With budget season looming, now is a great time to get organized and develop a strategy that is responsive to your tenant needs and the financial goals of ownership. In working with hundreds of property teams across the country, we have identified the following common strategies that will help you stay ahead of the curve during budget season.
Listen to your tenants
Review the results of your annual tenant survey and prioritize projects that will improve tenant satisfaction and retention. For example, if tenants are concerned about low lighting levels in the parking garage, propose the installation of LED lighting fixtures to improve lighting quality and reduce ongoing energy and maintenance costs. If tenant spaces are “stuffy,” investigate opportunities to enhance the control of your building's ventilation system.
Look beyond capital-intensive projects
Incorporate low-cost operational improvement opportunities into your capital budget. Consider engaging an operations professional to dig deep and identify opportunities to close the operational performance gap by reducing energy and water waste.

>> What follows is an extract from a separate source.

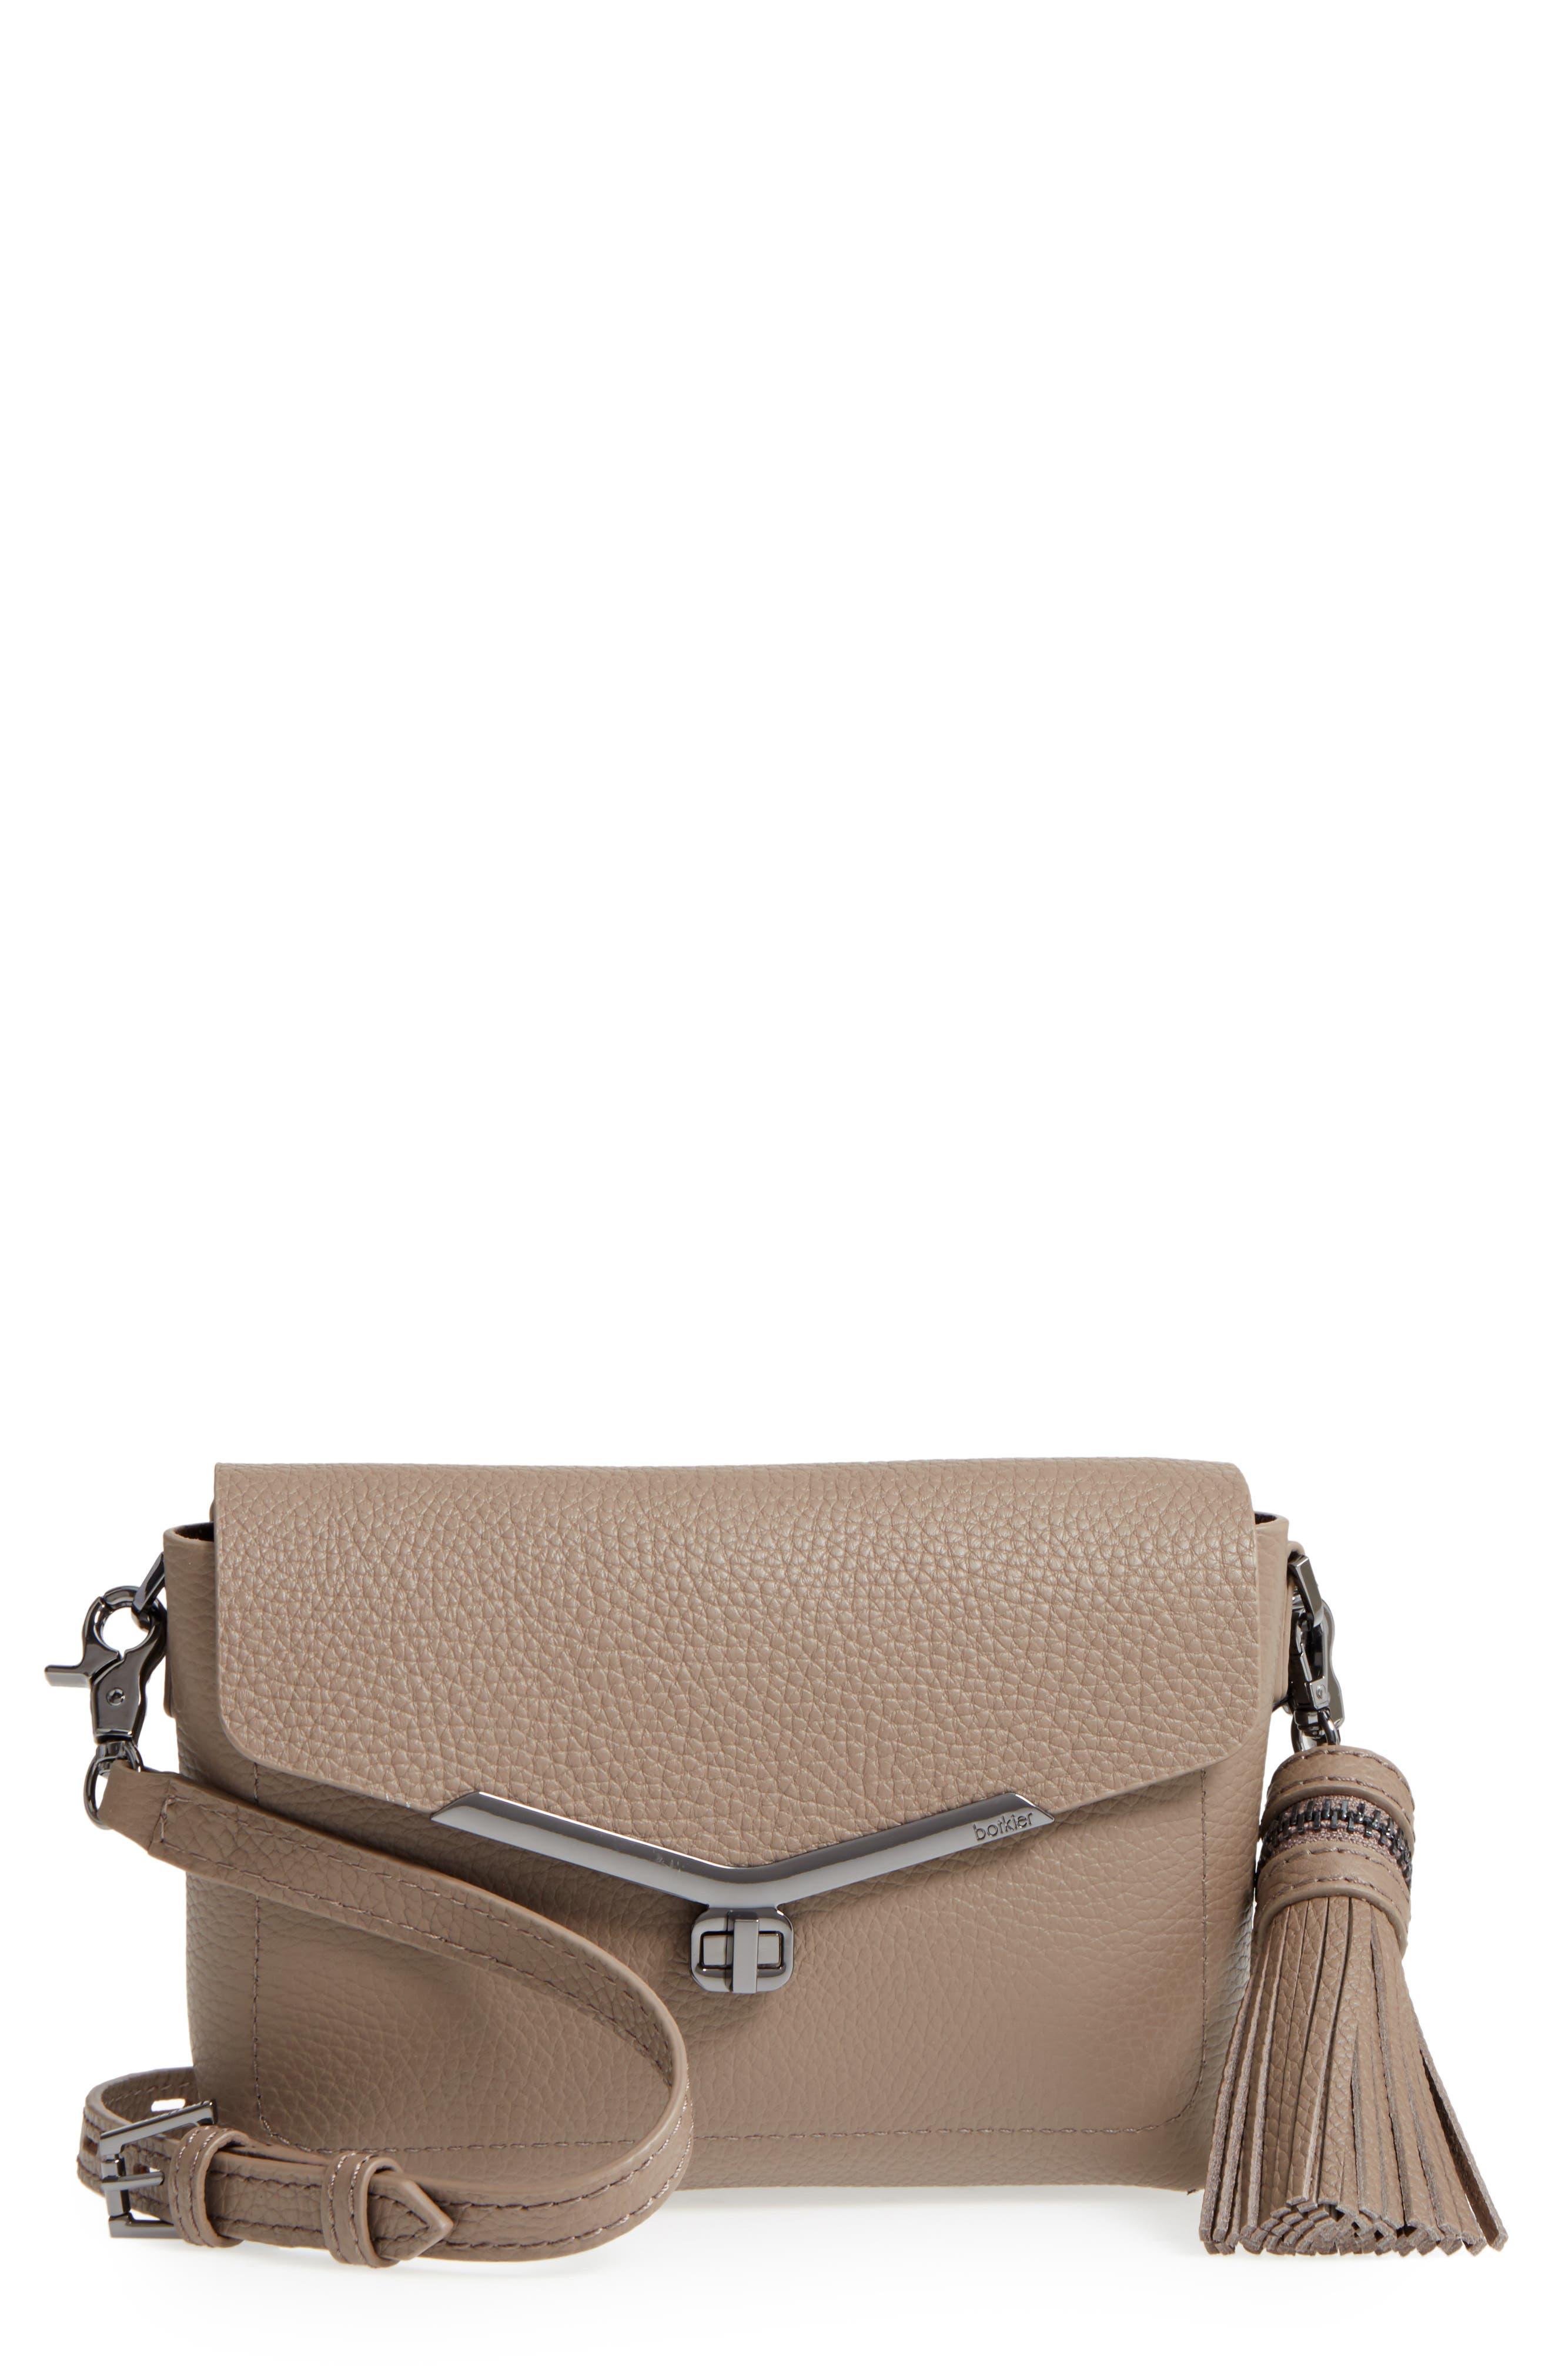 Alternate Image 1 Selected - Botkier Vivi Leather Crossbody Bag

As a starting point, consider the following opportunities:
Operational Improvements with Quick Returns
(Payback periods typically less than one year)
- Adjust equipment operating schedules to align with standard tenant lease hours
- Optimize air- and water-side economizers during the “shoulder” months
- Program enhanced control sequences into the building automation system (BAS)

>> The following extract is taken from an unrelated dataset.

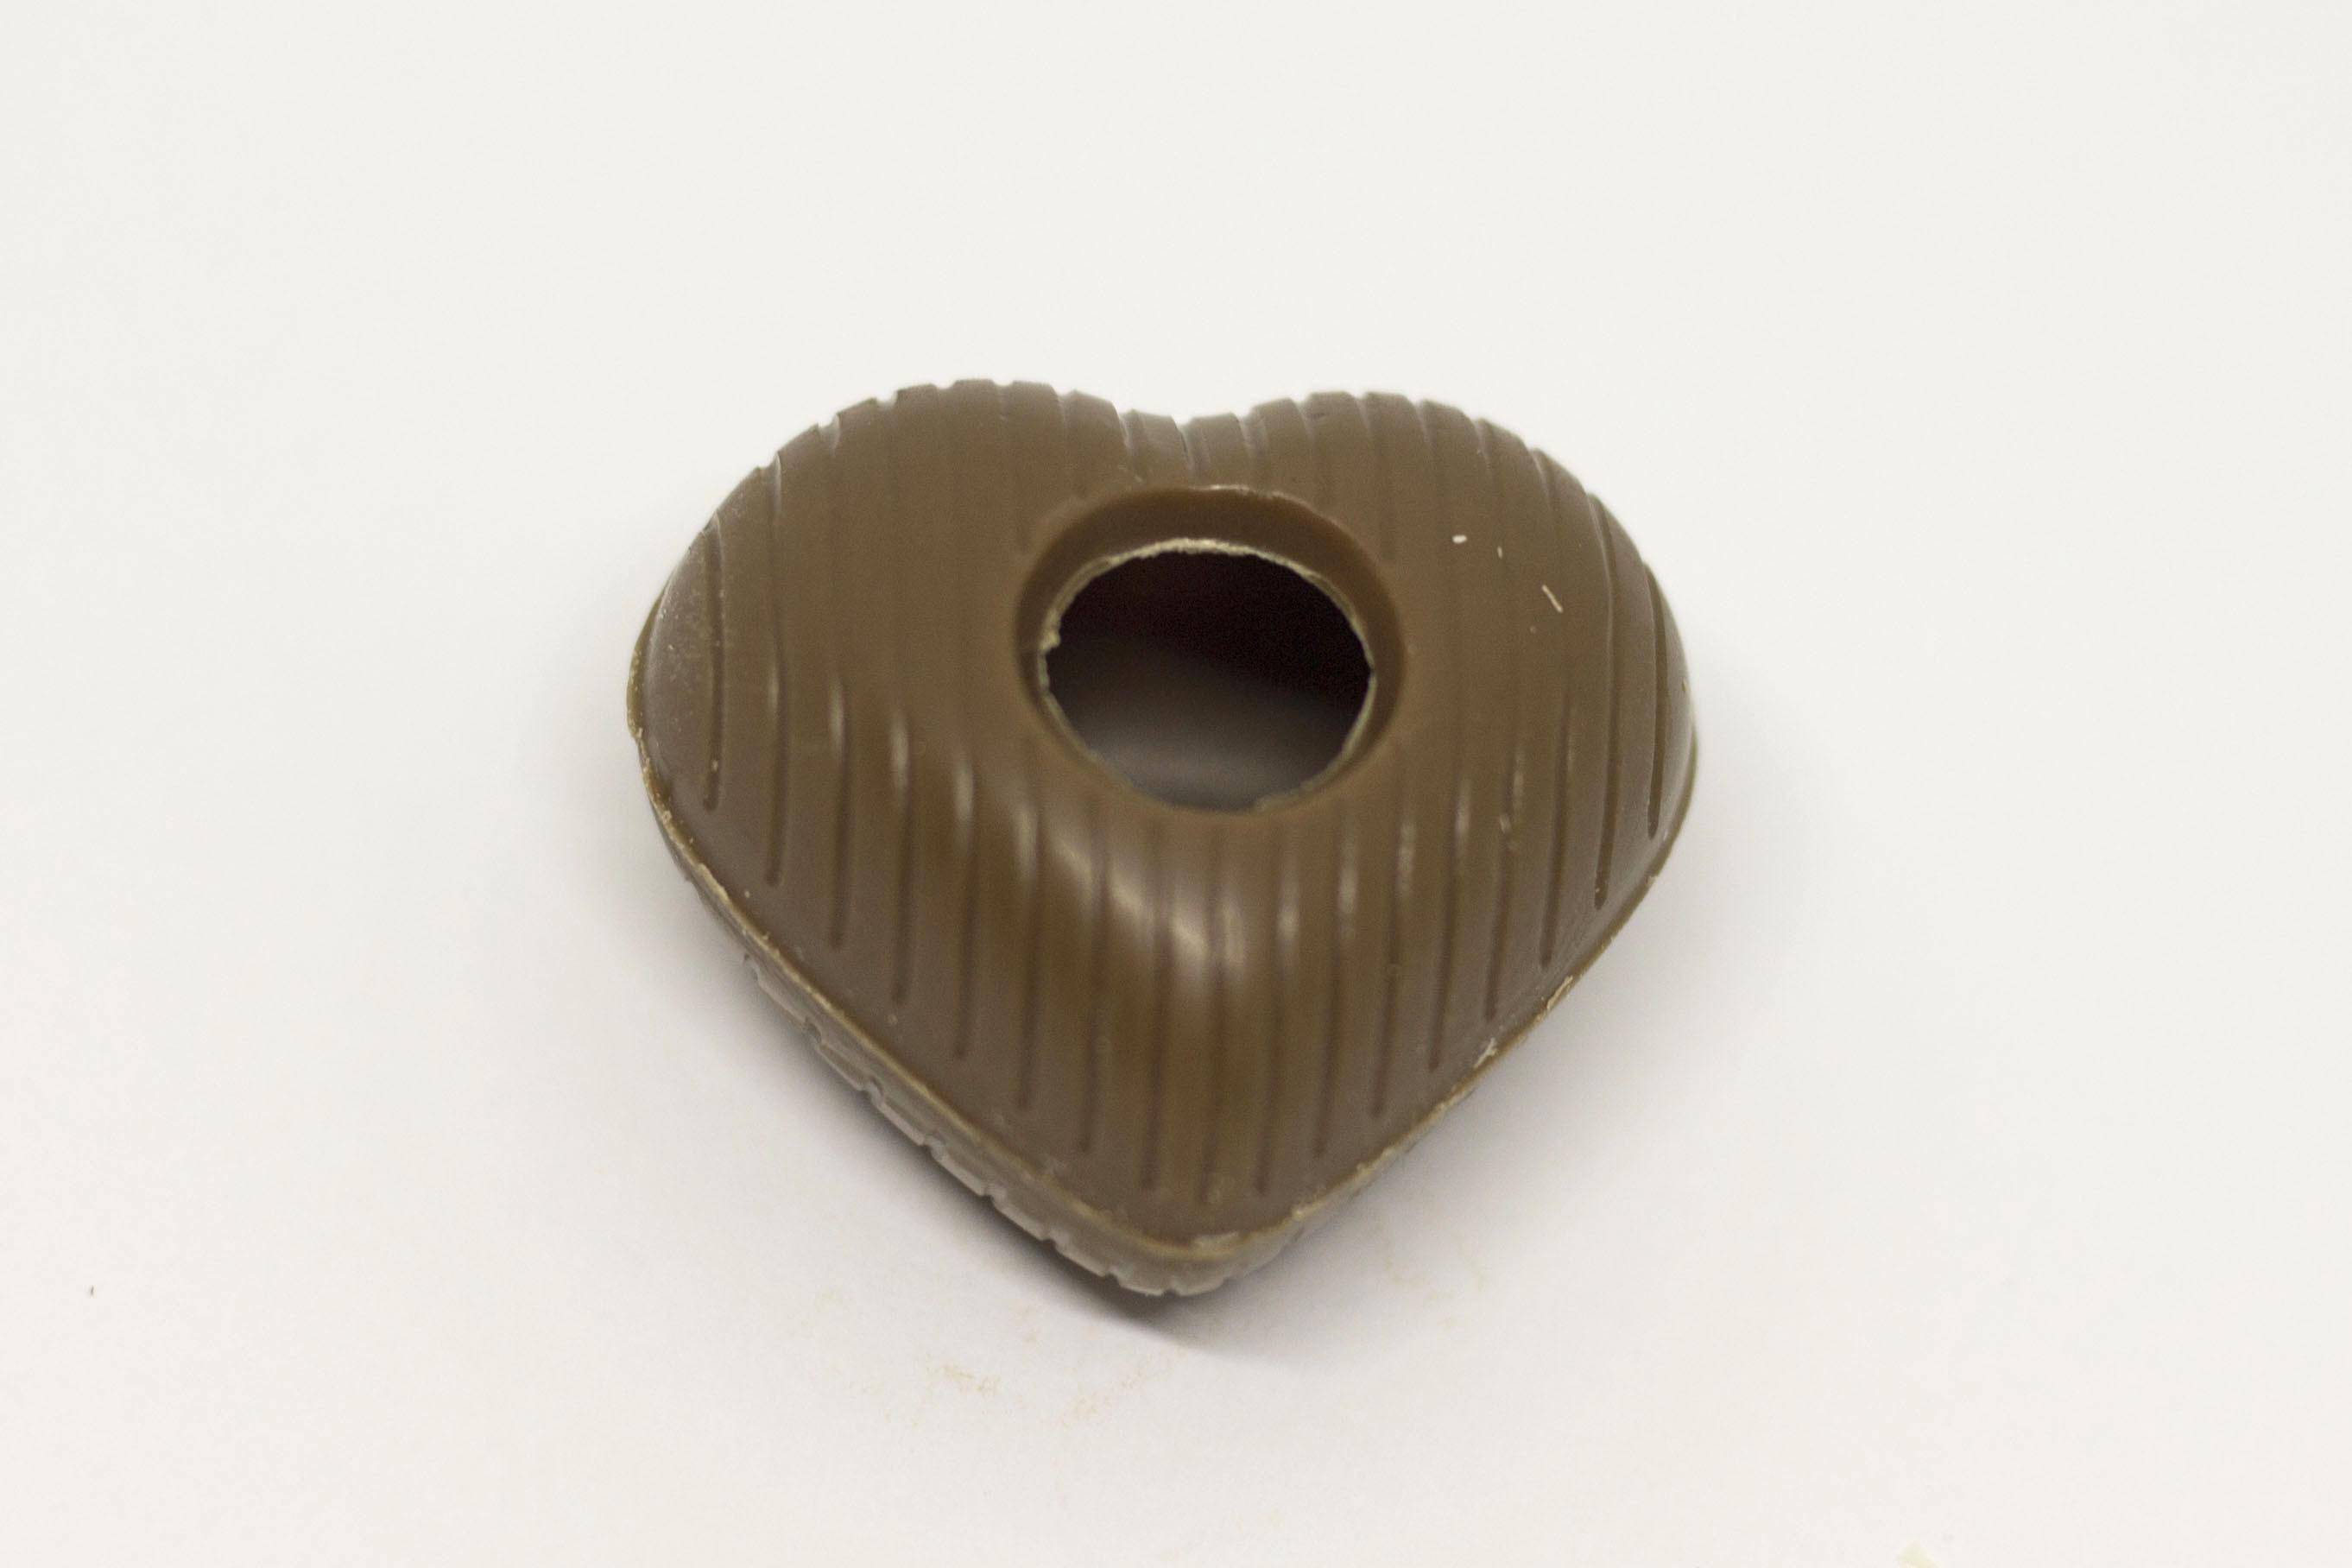 Flødechokolade hjerte

- Control air leakage from openings in the building envelope (i.e., HVAC ducts, penetrations, and doors) to reduce the building stack effect
- Enhance HVAC equipment maintenance practices to improve system efficiency (i.e., cleaning AHU coils, repairing leaking valves, etc.)
- Replace existing incandescent or outdated fluorescent lamps (i.e., T8/T12 tubes) with higher efficiency LED or fluorescent lamps, rather than wholesale fixture replacements
- Install lighting controls, such as occupancy sensors for interior spaces and photometric controls for exterior lighting
- Install low-flow aerators on lavatory faucets and low-flush valves on toilets and urinals
Meet with your utility account representative
As you are developing a list of projects to propose for your budget, schedule a meeting with your utility account representative to align available utility incentives with your projects. Inquire into upcoming utility programs that you can leverage for future projects. Ask your utility representative if program funding is typically available throughout the year or if funding is limited, as you may need to plan your project implementation schedule around program funding cycles. Before parting ways, schedule your next meeting so that you can stay apprised of program funding levels and new opportunities.
Ensure competitive pricing
Coordinate with your engineering team or an operations professional to develop a detailed scope of work for each project. Request a minimum of three proposals for each project, as project costs can often vary by more than 200% among contractors for the same project. When requesting proposals, provide your project scope of work and ask contractors to:
- Separate their product/material and labor costs
- Provide detailed savings calculations with assumptions
- Incorporate available utility incentives into their costs and facilitate the utility incentive application process
- Provide references for similar projects
Providing clear direction to contractors will result in an apples-to-apples comparison of services and costs, minimize time spent clarifying proposal details, and ensure competitive pricing is received.
Leverage your peer network
Reach out to your colleagues and peers (i.e., through BOMA, IREM, IFMA, and other organizations) who have implemented similar projects at their properties. Discuss their experience working with local contractors and lessons learned to avoid potential complications down the road.
Present the business case and value-add
When developing your budget, include the estimated savings and ROI/payback period for each project to demonstrate the business case. Coordinate with your Chief Engineer to review the project details so that you both can clearly communicate the value-add to ownership. Invite your Chief Engineer to participate in the budget review meeting with ownership to help present the projects. This will show that your team has bench strength and is cohesive and collaborative.